Aim of the task: All entries are to be printed again exactly, with their images omitted.
** Opening Data records block **
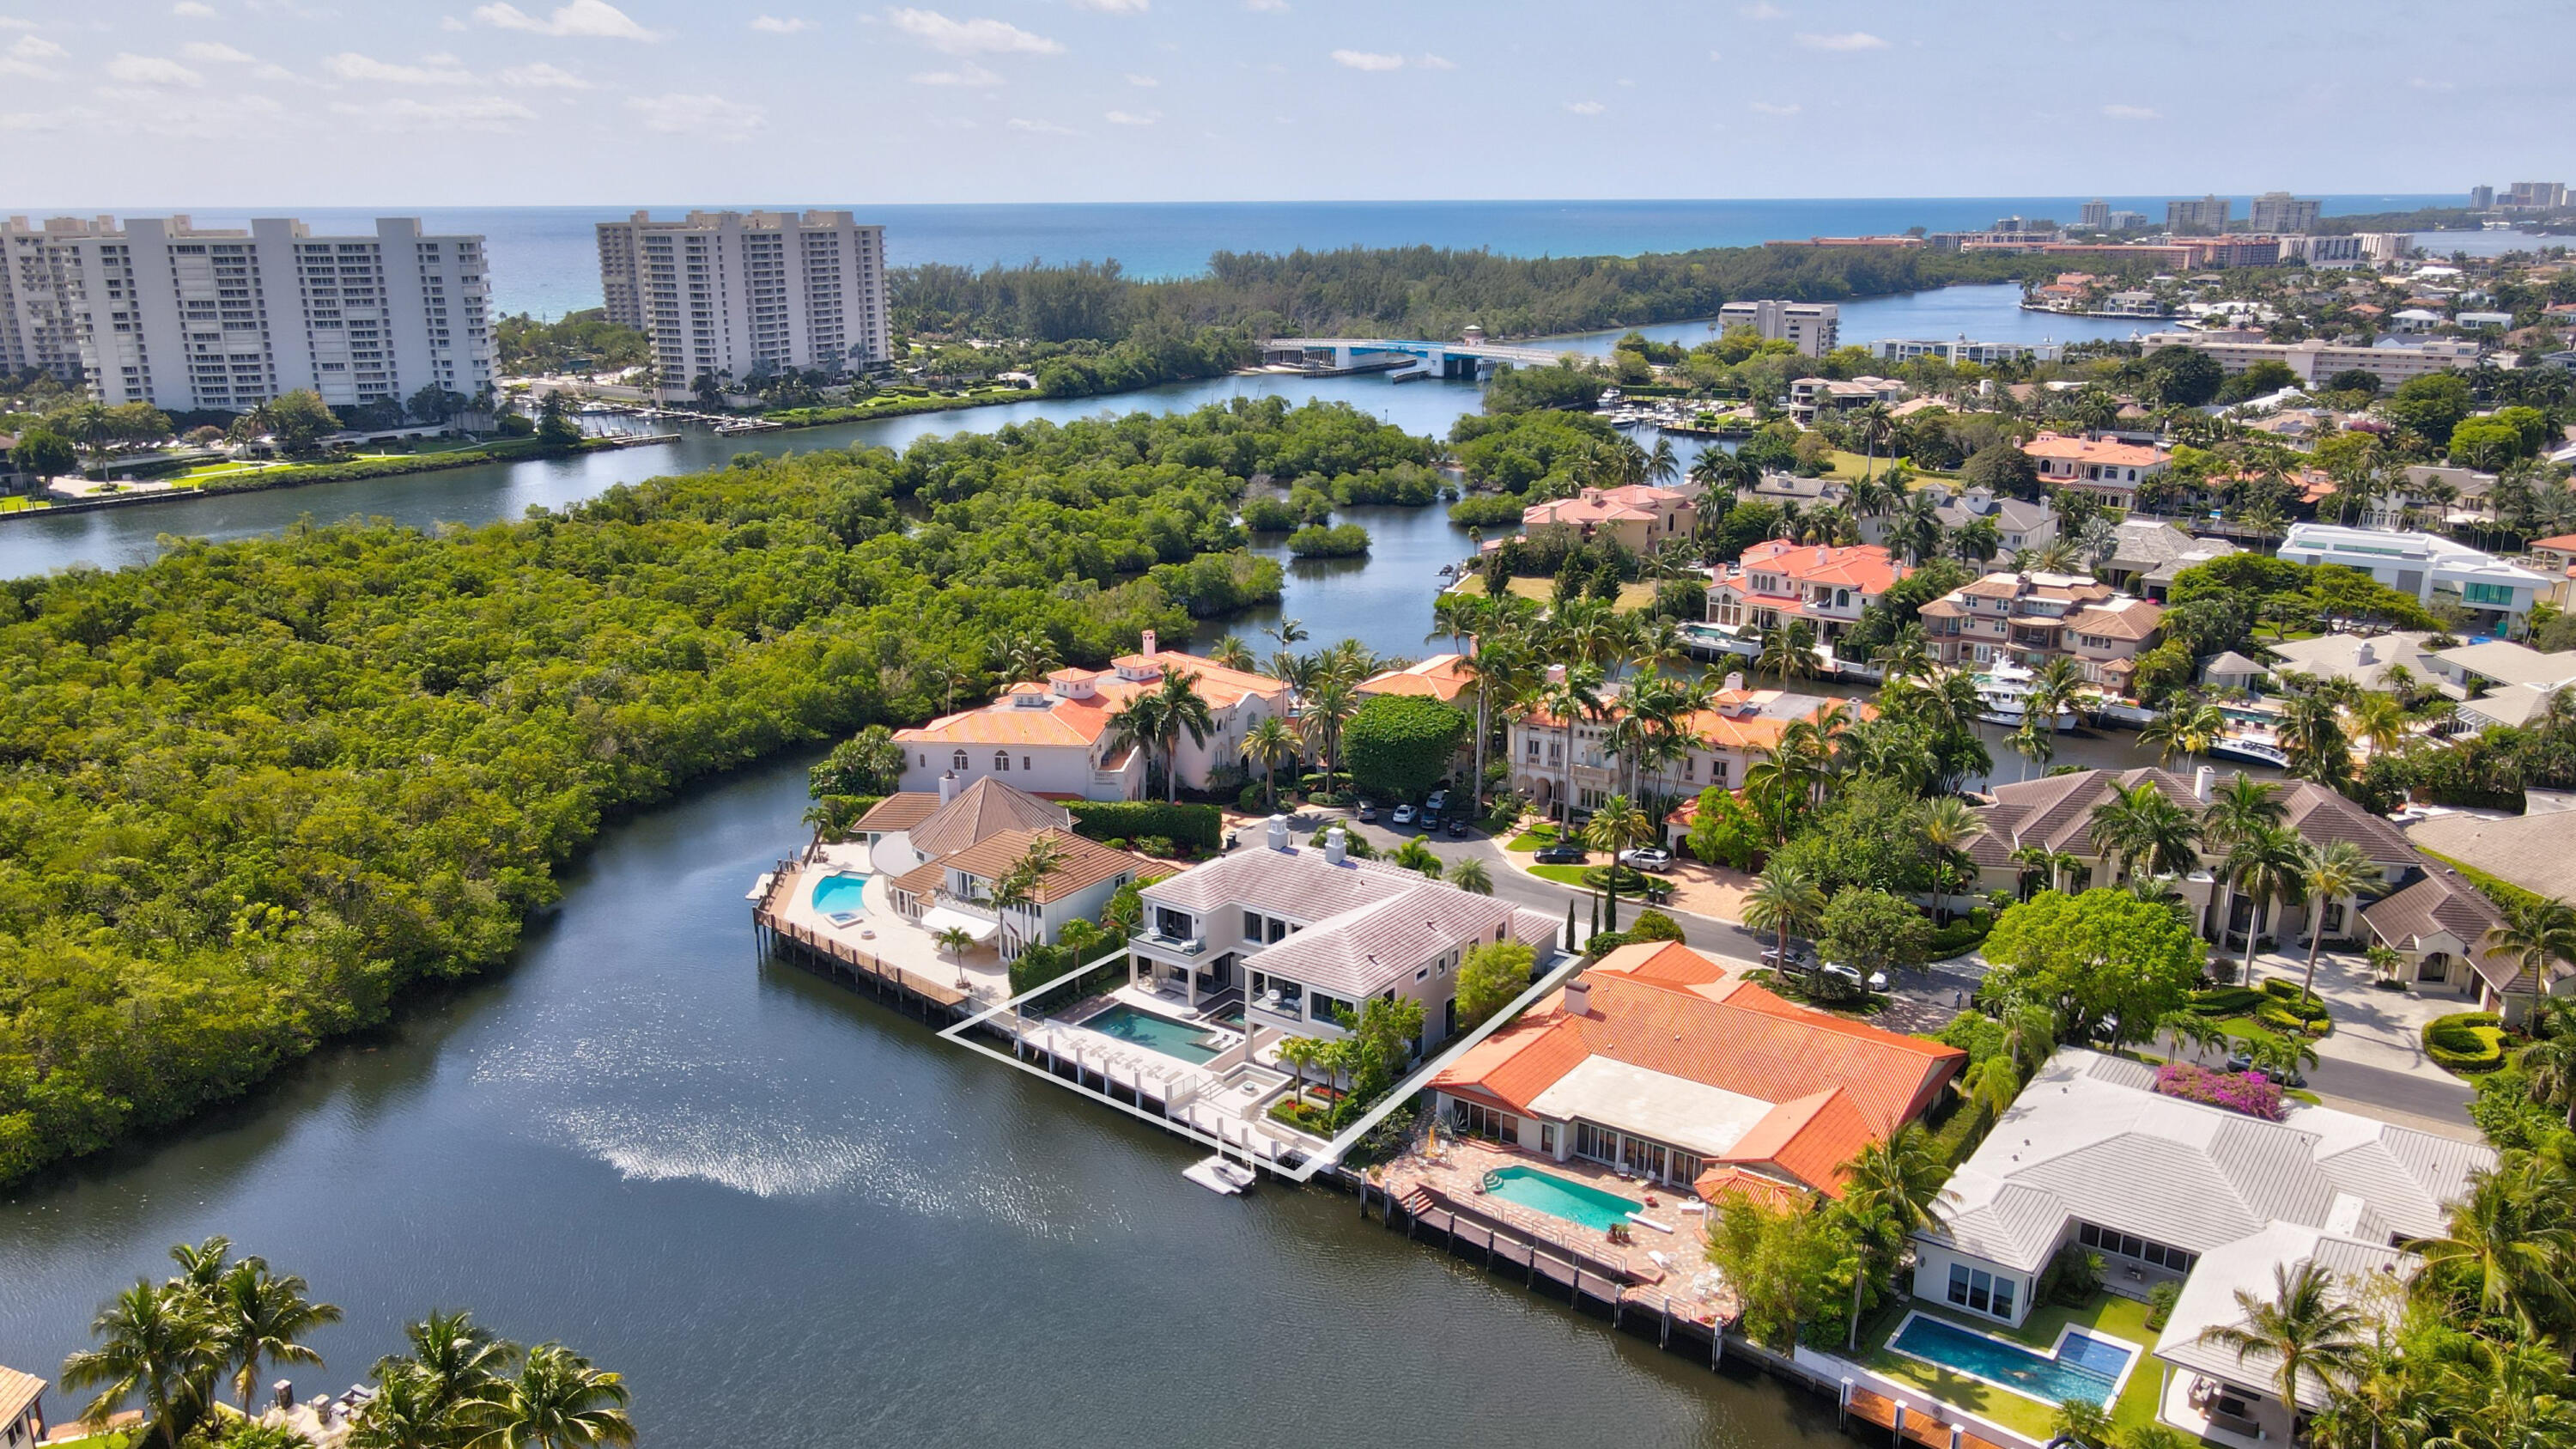 This meticulously maintained two story Transitional contemporary waterfront residence features ocean access and 24/7 security and private roads.  Offered completely furnished and accessorized, it is move-in ready. The entry foyer opens to a two-story great room which overlooks the open pool, covered patio, expansive water views with the natural 'Sanctuary Island' wildlife refuge off in the distance.  The first floor features an office/club room, dining, wine and bar areas, an open kitchen with center island which services the family room and a dinette overlooking the pool.  The second floor features the primary bedroom suite with exercise area and steam shower, a secondary family room, in addition to four en-suite bedrooms.  See MORE... Offered Fully furnished includes art work and accessories.
108 linear feet about dockage with power and water

3 car garage/double high for tandem parking of 6 vehicles

Located on a Cul de sac
Contemporary &#x13; 2 story 
Waterfront &#x13; 108 ft 
Circular driveway pavers &#x13; light gray 
Bermuda grass
Exterior walkway entry night lights
Immaculate maintained landscaping
Very private 
Fenced yard
Navien instant hot water heater 
Gas connection from Florida public utilities 
natural gas fire pit with seating for 14
Carrier AC 3
1 Amana AC
Rain Bird Automated sprinkler system 
Generac generator &#x13; partial 
Exterior and interior full home sound speakers
Control 4 lighting system
Impact glass 
Elevator
Gated, 24/7 security street and water patrol
Automated sliding glass doors in great/family and club rooms
Central floor vacuum system 
Iport controls for home features
Automated/manual window treatments and shades

Natural hardwood engineered floors
10 ft front entry doors

Great room /living room
25ft ceilings
Gas fireplace &#x13; remote controlled 
Wooden Venere fireplace wall accent


Powder room 
Marble counter
Tile wall

Office/Family room
Built in shelves &amp; Cabinetry
Bar
Subzero wine cooler
Wet bar sink
Ice machine
Flat screen TV
Built in cabinetry

Billiard table/ currently in dining room 
Built in cabinetry 
Wine cellar &#x13; glass walk in area
Separate bar room 
Ice maker 
Wet bar sink

KITCHEN
Marble center island
Contemporary white 
2 subzero refrigerator
2 subzero freezer drawers
2 wall oven WOLF
Wolf warming drawer
Wolf 6 gas range with griddle
Wolf microwave
Miele dishwashers
Koehler stainless steel double kitchen sink 


Full Pantry
first and second floor Laundry rooms 
GE washer and dryer 
Storage space
Backsplash
Primary suite
Hardwood floors throughout
Opens up to patio/pool
Primary bathroom
Roman shower with steps 
Oversized tub 
Dual sinks
Vanity
Oversized tub
Plantation shutters
Walk in closet with custom built cabinetry
Service breakfast bar with Marble top 
Wet sink
Spa/gym room in primary suite 
Steam shower with bench seating 
POOL
Size 40 x 17 
Natural stone marble 24 x 24 tile deck
Pebbletec
infinity edge spa with translucent gold  and silver tiles
Seats 12 in spa
Hayward natural pool gas heater
Aqualink Jandy pool control
Sun deck with built in pool seating

PATIO
Covered patio sitting area 
Summer kitchen
Wet bar sink
Wolf Grill
Outdoor subzero mini refrigerator
Outdoor marble counter top with seating for 2
Water filtration system
Gas fire pit
with outdoor bench seating for 12+

Dock has Power outlets
Water at dock

Cabana bath 



Garage &#x13; 3 car 
Epoxy flooring 
Built in garage cabinets 
Car lift height


Staircase
Contemporary steel rails 
Fixed glass

ELEVATOR
Wood panel 
Standard size 
Natural dark stain wooden floors
Hardwood floors

Bedroom 2 
NE balcony walk out
En-suite 

Bedroom 3
En-suite

Bridge to loft

5 En-suite bedrooms

Upstairs utility room
Terraza counter top 
2 Electrolux washer and dryers

Community amenities; two tennis courts, one sport court children's play area and 20 slip nonfuel marina

US proof of funds required prior to all showings.
** Closing Data records block **
Solved problem:
 This meticulously maintained two story Transitional contemporary waterfront residence features ocean access and 24/7 security and private roads.  Offered completely furnished and accessorized, it is move-in ready. The entry foyer opens to a two-story great room which overlooks the open pool, covered patio, expansive water views with the natural 'Sanctuary Island' wildlife refuge off in the distance.  The first floor features an office/club room, dining, wine and bar areas, an open kitchen with center island which services the family room and a dinette overlooking the pool.  The second floor features the primary bedroom suite with exercise area and steam shower, a secondary family room, in addition to four en-suite bedrooms.  See MORE... Offered Fully furnished includes art work and accessories.
108 linear feet about dockage with power and water

3 car garage/double high for tandem parking of 6 vehicles

Located on a Cul de sac
Contemporary &#x13; 2 story 
Waterfront &#x13; 108 ft 
Circular driveway pavers &#x13; light gray 
Bermuda grass
Exterior walkway entry night lights
Immaculate maintained landscaping
Very private 
Fenced yard
Navien instant hot water heater 
Gas connection from Florida public utilities 
natural gas fire pit with seating for 14
Carrier AC 3
1 Amana AC
Rain Bird Automated sprinkler system 
Generac generator &#x13; partial 
Exterior and interior full home sound speakers
Control 4 lighting system
Impact glass 
Elevator
Gated, 24/7 security street and water patrol
Automated sliding glass doors in great/family and club rooms
Central floor vacuum system 
Iport controls for home features
Automated/manual window treatments and shades

Natural hardwood engineered floors
10 ft front entry doors

Great room /living room
25ft ceilings
Gas fireplace &#x13; remote controlled 
Wooden Venere fireplace wall accent


Powder room 
Marble counter
Tile wall

Office/Family room
Built in shelves &amp; Cabinetry
Bar
Subzero wine cooler
Wet bar sink
Ice machine
Flat screen TV
Built in cabinetry

Billiard table/ currently in dining room 
Built in cabinetry 
Wine cellar &#x13; glass walk in area
Separate bar room 
Ice maker 
Wet bar sink

KITCHEN
Marble center island
Contemporary white 
2 subzero refrigerator
2 subzero freezer drawers
2 wall oven WOLF
Wolf warming drawer
Wolf 6 gas range with griddle
Wolf microwave
Miele dishwashers
Koehler stainless steel double kitchen sink 


Full Pantry
first and second floor Laundry rooms 
GE washer and dryer 
Storage space
Backsplash
Primary suite
Hardwood floors throughout
Opens up to patio/pool
Primary bathroom
Roman shower with steps 
Oversized tub 
Dual sinks
Vanity
Oversized tub
Plantation shutters
Walk in closet with custom built cabinetry
Service breakfast bar with Marble top 
Wet sink
Spa/gym room in primary suite 
Steam shower with bench seating 
POOL
Size 40 x 17 
Natural stone marble 24 x 24 tile deck
Pebbletec
infinity edge spa with translucent gold  and silver tiles
Seats 12 in spa
Hayward natural pool gas heater
Aqualink Jandy pool control
Sun deck with built in pool seating

PATIO
Covered patio sitting area 
Summer kitchen
Wet bar sink
Wolf Grill
Outdoor subzero mini refrigerator
Outdoor marble counter top with seating for 2
Water filtration system
Gas fire pit
with outdoor bench seating for 12+

Dock has Power outlets
Water at dock

Cabana bath 



Garage &#x13; 3 car 
Epoxy flooring 
Built in garage cabinets 
Car lift height


Staircase
Contemporary steel rails 
Fixed glass

ELEVATOR
Wood panel 
Standard size 
Natural dark stain wooden floors
Hardwood floors

Bedroom 2 
NE balcony walk out
En-suite 

Bedroom 3
En-suite

Bridge to loft

5 En-suite bedrooms

Upstairs utility room
Terraza counter top 
2 Electrolux washer and dryers

Community amenities; two tennis courts, one sport court children's play area and 20 slip nonfuel marina

US proof of funds required prior to all showings.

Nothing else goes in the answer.